Interesting also that rebuilding with sanitizers the problem goes away. The error you are seeing from UbSan is expected, because in this test (and a few others) we explicitly invoke undefined behavior (here by creating an enum value which is invalid and passing it to the library, to make sure this invalid argument is detected). Running the test suite with --avoid-undefined will skip these tests.

[xyproto]

I would be happy to help out with any further testing.

Note that I'm building in a chroot, using sudo extra-x86_64-build, supplied by the devtools package.

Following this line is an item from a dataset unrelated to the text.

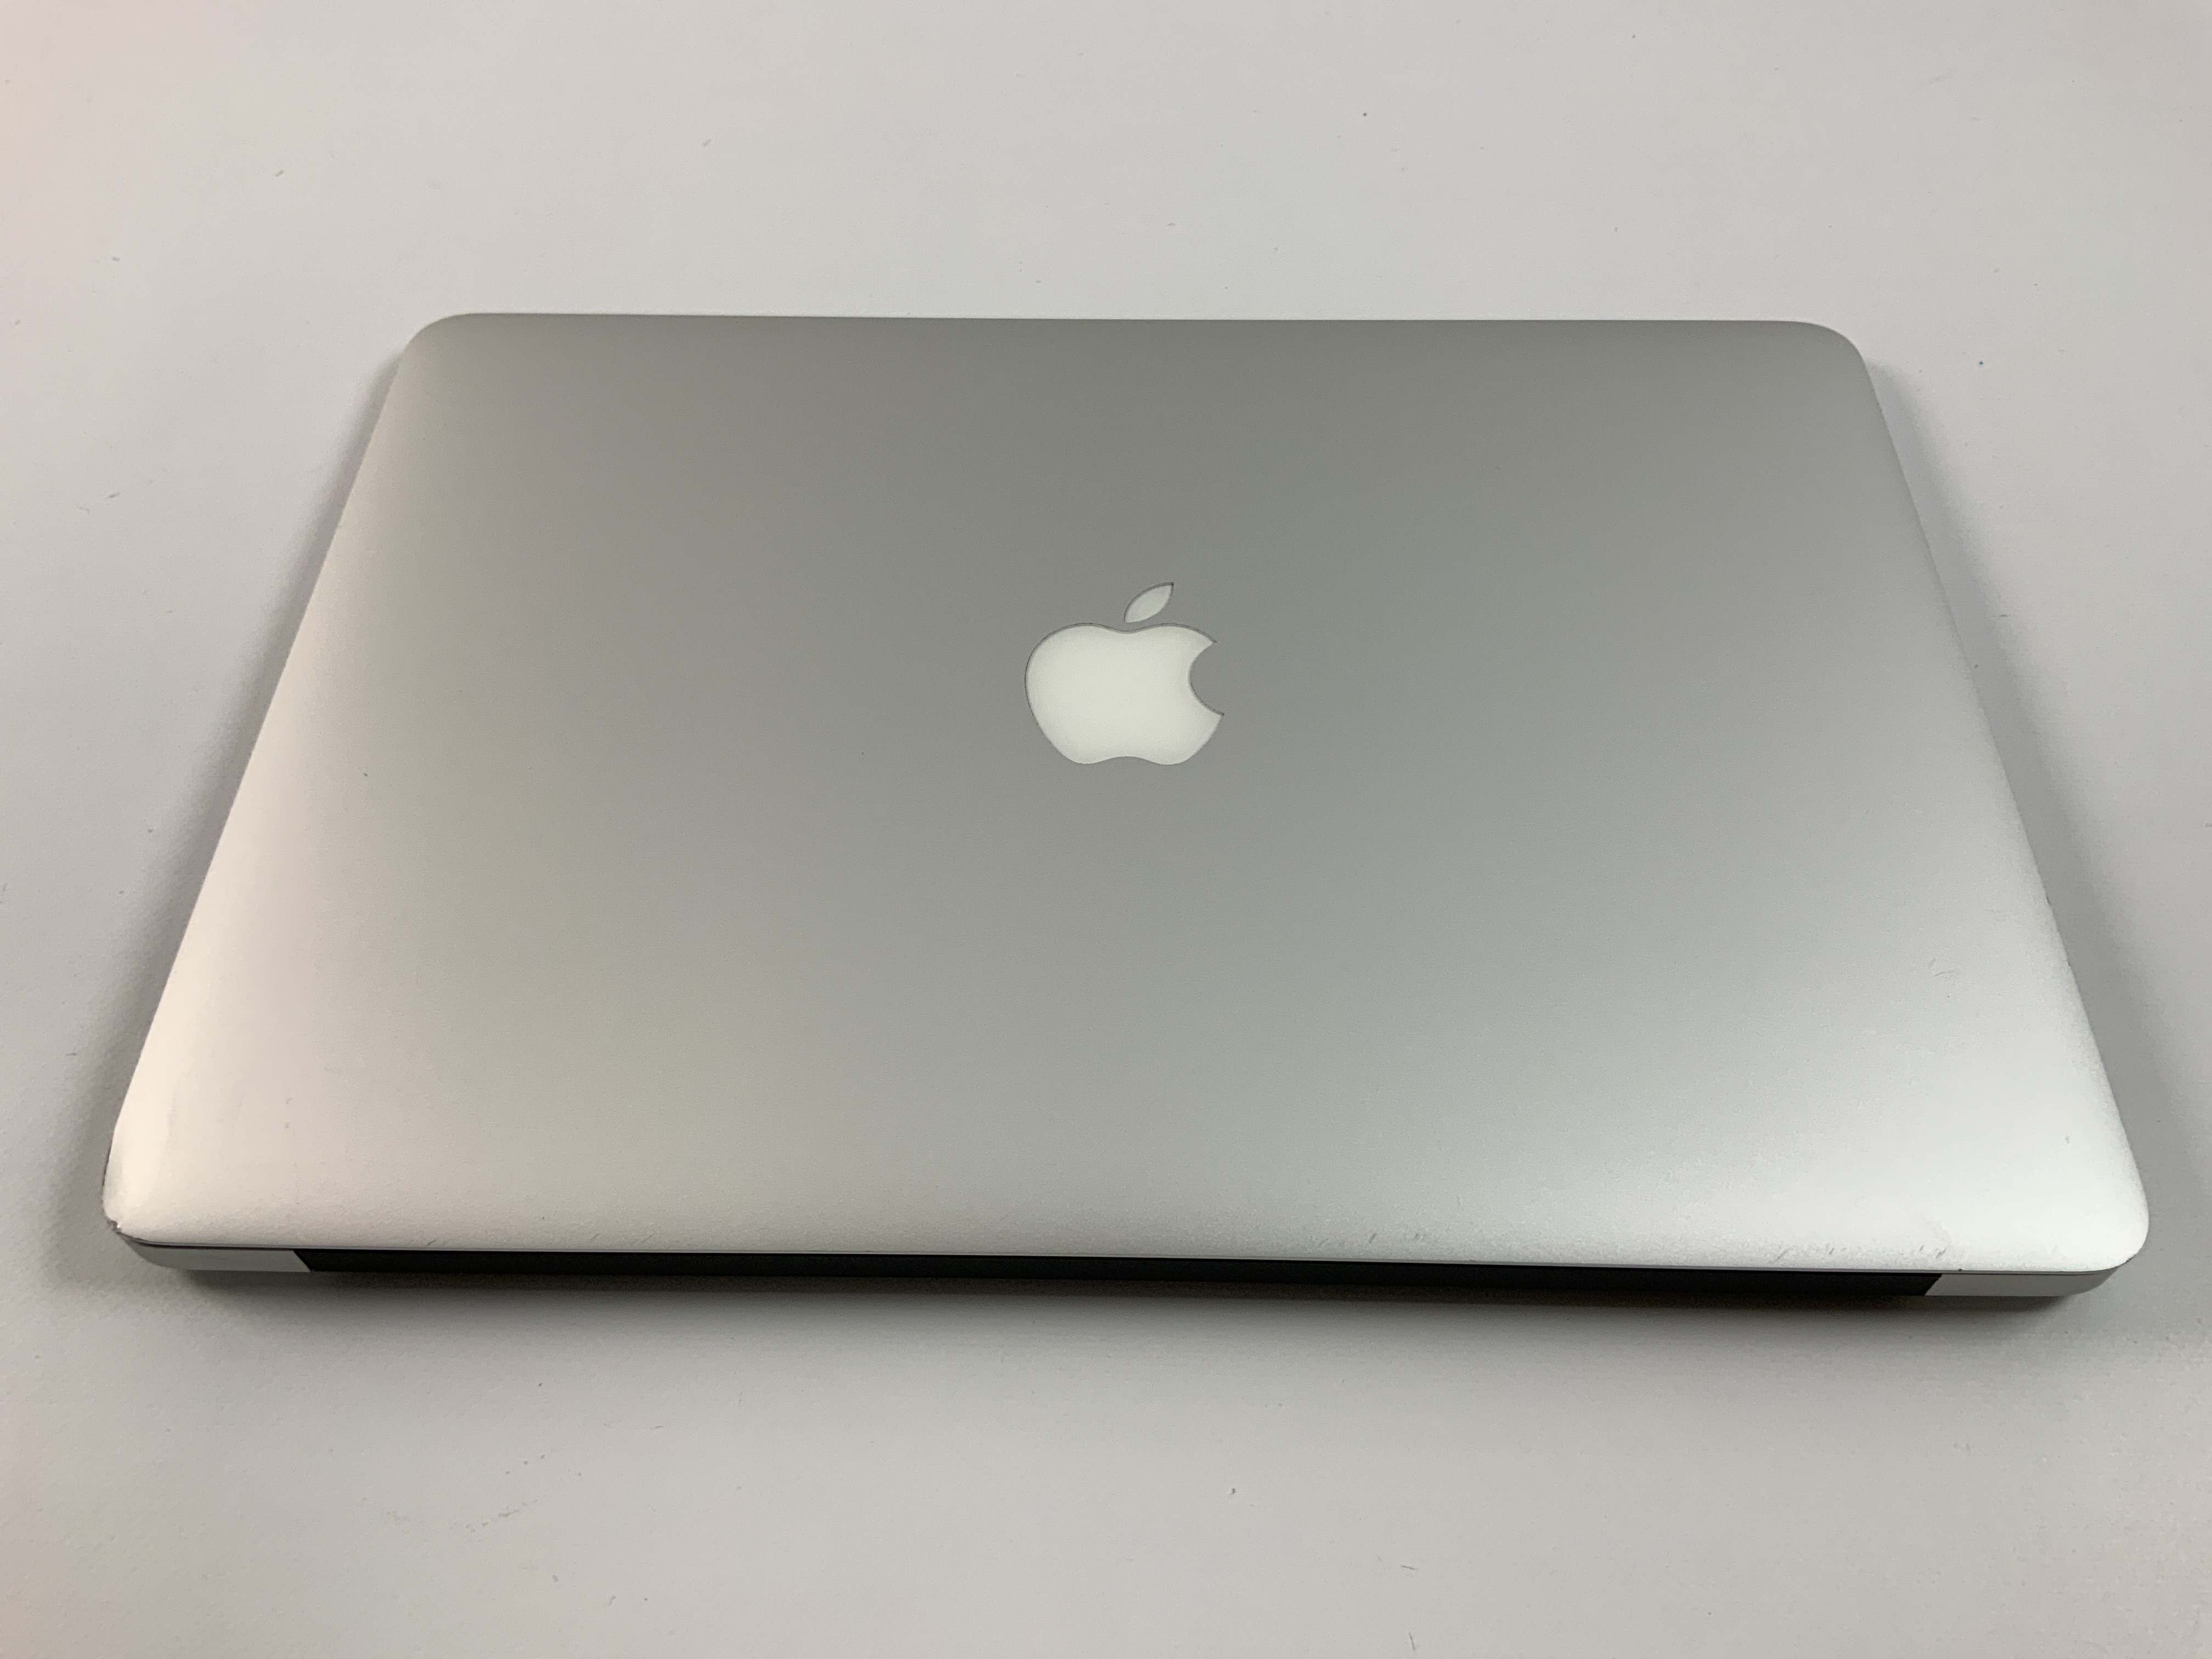 MacBook Air 13" Mid 2017 (Intel Core i5 1.8 GHz 8 GB RAM 256 GB SSD), Intel Core i5 1.8 GHz, 8 GB RAM, 256 GB SSD, Bild 2

Here's the PKGBUILD, stripped for comments for brevity:

PKGBUILD:

pkgname=botan
pkgver=2.5.0
pkgrel=1
pkgdesc='Crypto library written in C++'
arch=('x86_64')
url='https://botan.randombit.net/'
license=('BSD')
depends=('gcc-libs' 'sh')
makedepends=('python')
validpgpkeys=('621DAF6411E1851C4CF9A2E16211EBF1EFBADFBC')
source=("https://botan.randombit.net/releases/Botan-${pkgver}.tgz"{,.asc})
sha256sums=('b8a31fe03e7f048a5bd3967ecd04b6a48966215e78792df06e333b0eede4fb1b'
            'SKIP')

build() {
  cd "${pkgname^}-$pkgver"

  ./configure.py --prefix=/usr
  make
}

check() {
  cd "${pkgname^}-$pkgver"

  ./botan-test
}

package() {
  cd "${pkgname^}-$pkgver"

  make DESTDIR="$pkgdir" install
  install -Dm644 license.txt "$pkgdir/usr/share/licenses/$pkgname/LICENSE"
}

[randombit]

I just reproduced this using extra-x86_64-build

[randombit]

The problem seems to be the -fno-plt flag. It is not limited to just bigint_unit, also at least modular exponentiation, RSA and ECDSA tests fail. I can reproduce outside of the chroot with CXXFLAGS='-O2 -fno-plt' ./configure.py

[randombit]

If I disable all inline asm for BigInt operations, -fno-plt works ok. So likely the problem is a bad constraint in our asm. (Or maybe a bug in GCC because that happens too, but bad constraint seems more likely)

[randombit]

The problem seems to be in word3_muladd - if I disable the inline x86-64 asm for this one function, tests pass with -fno-plt

[randombit]

If I have word3_muladd clobber "memory", everything works. Again pointing to a bad/missing constraint.

[randombit]

Same problem with 32-bit x86 builds, make sense as basically the same inline asm sequence is used.

[randombit]

If I split the asm into two blocks, one for the mulq and then another for the add sequence again everything ok

[randombit]

@xyproto Can you try with 6c5d9ef

[xyproto]

Will do! Thanks for the quick patching.

[xyproto]

Now the unit tests all pass here. Will update the package to use commit 6c5d9ef until the next release of botan.

Thanks!

[randombit]

Great news. Thanks @xyproto for the report as well as maintaining the Arch package.